Andres Freund <andres@anarazel.de> writes:

> Hi,
>
> On 2026-04-04 21:40:29 -0400, Andres Freund wrote:
>> On 2026-04-04 13:42:22 -0400, Andres Freund wrote:
>> > On 2026-04-03 23:32:07 +0200, Peter Zijlstra wrote:
>> > > On Fri, Apr 03, 2026 at 07:19:36PM +0000, Salvatore Dipietro wrote:
>> > I'm not quite sure I understand why the spinlock in Salvatore's benchmark does
>> > shows up this heavily:
>> >
>> > - For something like the benchmark here, it should only be used until
>> >   postgres' buffer pool is fully used, as the freelist only contains buffers
>> >   not in use, and we check without a lock whether it contains buffers. Once
>> >   running, buffers are only added to the freelist if tables/indexes are
>> >   dropped/truncated.  And the benchmark seems like it runs long enough that we
>> >   should actually reach the point the freelist should be empty?
>> >
>> > - The section covered by the spinlock is only a few instructions long and it
>> >   is only hit if we have to do a somewhat heavyweight operation afterwards
>> >   (read in a page into the buffer pool), it seems surprising that this short
>> >   section gets interrupted frequently enough to cause a regression of this
>> >   magnitude.
>> >
>> >   For a moment I thought it might be because, while holding the spinlock, some
>> >   memory is touched for the first time, but that is actually not the case.
>> >
>>
>> I tried to reproduce the regression on a 2x Xeon Gold 6442Y with 256GB of
>> memory, running 3aae9383f42f (7.0.0-rc6 + some).

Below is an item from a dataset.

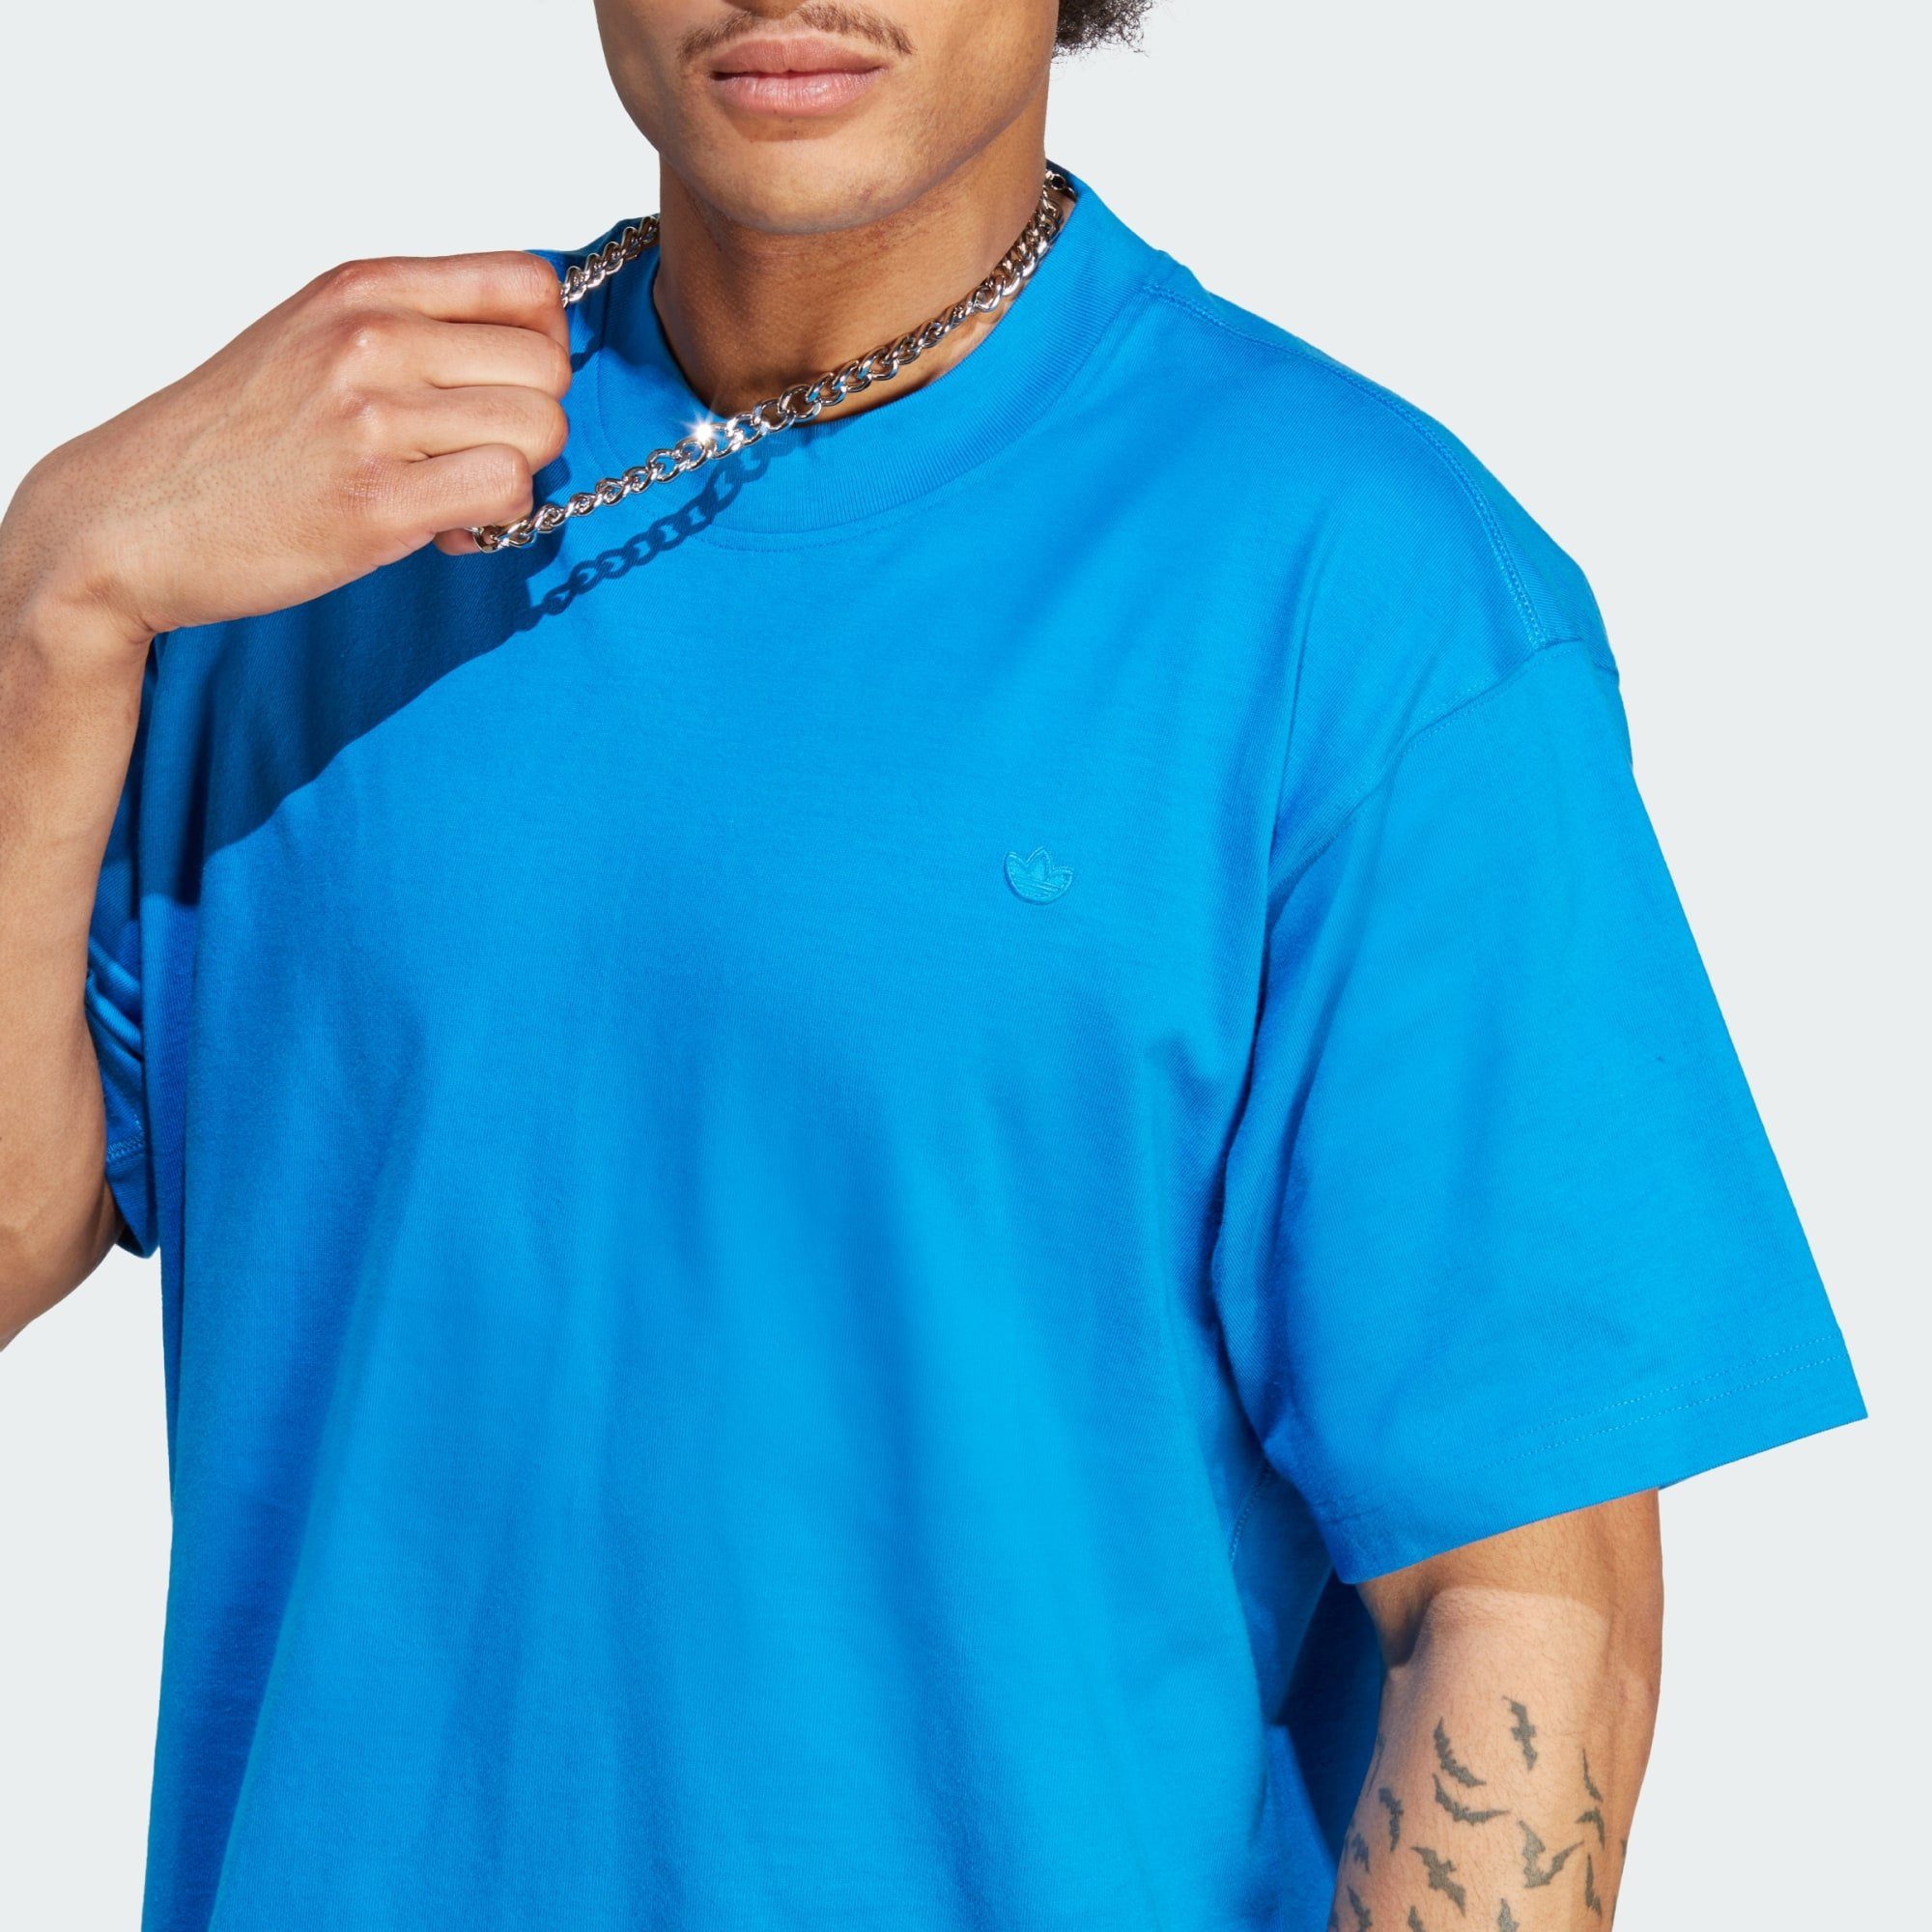 CONTEMPO Originals Bird T-Shirt Blue adidas T-SHIRT ADICOLOR

That's just 48 cores / 96
>> threads, so it's smaller, and it's x86, not arm, but it's what I can quickly
>> update to an unreleased kernel.
>>
>>
>> So far I don't see such a regression and I basically see no time spent
>> GetVictimBuffer()->StrategyGetBuffer()->s_lock() (< 0.2%).
>>
>> Which I don't find surprising, this workload doesn't read enough to have
>> contention in there. Salvatore reported on the order of 100k transactions/sec
>> (with one update, one read and one insert). Even if just about all of those
>> were misses - and they shouldn't be with 25% of 384G as postgres'
>> shared_buffers as the script indicates, and we know that s_b is not full due
>> to even hitting GetVictimBuffer() - that'd just be a ~200k IOs/sec from the
>> page cache.  That's not that much.
>
>
>> The benchmark script seems to indicate that huge pages aren't in use:
>> https://github.com/aws/repro-collection/blob/main/workloads/postgresql/main.sh#L15
>>
>>
>> I wonder if somehow the pages underlying the portions of postgres' shared
>> memory are getting paged out for some reason, leading to page faults while
>> holding the spinlock?
>
> Hah. I had reflexively used huge_pages=on - as that is the only sane thing to
> do with 10s to 100s of GB of shared memory and thus part of all my
> benchmarking infrastructure - during the benchmark runs mentioned above.
>
> Turns out, if I *disable* huge pages, I actually can reproduce the contention
> that Salvatore reported (didn't see whether it's a regression for me
> though). Not anywhere close to the same degree, because the bottleneck for me
> is the writes.
>
> If I change the workload to a read-only benchmark, which obviously reads a lot
> more due to not being bottleneck by durable-write-latency, I see more
> contention:
>
> -   12.76%  postgres         postgres                   [.] s_lock
>    - 12.75% s_lock
>       - 12.69% StrategyGetBuffer
>            GetVictimBuffer
>          - StartReadBuffer
>             - 12.69% ReleaseAndReadBuffer
>                + 12.65% heapam_index_fetch_tuple
>
>
> While what I said above is true, the memory touched at the time of contention
> it isn't the first access to the relevant shared memory (i.e. it is already
> backed by memory), in this workload GetVictimBuffer()->StrategyGetBuffer()
> will be the first access of the connection processes to the relevant 4kB
> pages.
>
> Thus there will be a *lot* of minor faults and tlb misses while holding a
> spinlock. Unsurprisingly that's bad for performance.
>
>
> I don't see a reason to particularly care about the regression if that's the
> sole way to trigger it.  Using a buffer pool of ~100GB without huge pages is
> not an interesting workload.  With a smaller buffer pool the problem would not
> happen either.
>
> Note that the performance effect of not using huge pages is terrible
> *regardless* the spinlock. PG 19 does have the spinlock in this path anymore,
> but not using huge pages is still utterly terrible (like 1/3 of the
> throughput).
>
>
> I did run some benchmarks here and I don't see a clearly reproducible
> regression with huge pages.
>

However, for curiosity, I was hoping if someone more familiar with the
scheduler area can explain why PREEMPT_LAZY v/s PREEMPT_NONE, causes
performance regression w/o huge pages? 

Minor page fault handling has micro-secs latency, where as sched ticks
is in milli-secs. Besides, both preemption models should anyway
schedule() if TIF_NEED_RESCHED is set on return to userspace, right?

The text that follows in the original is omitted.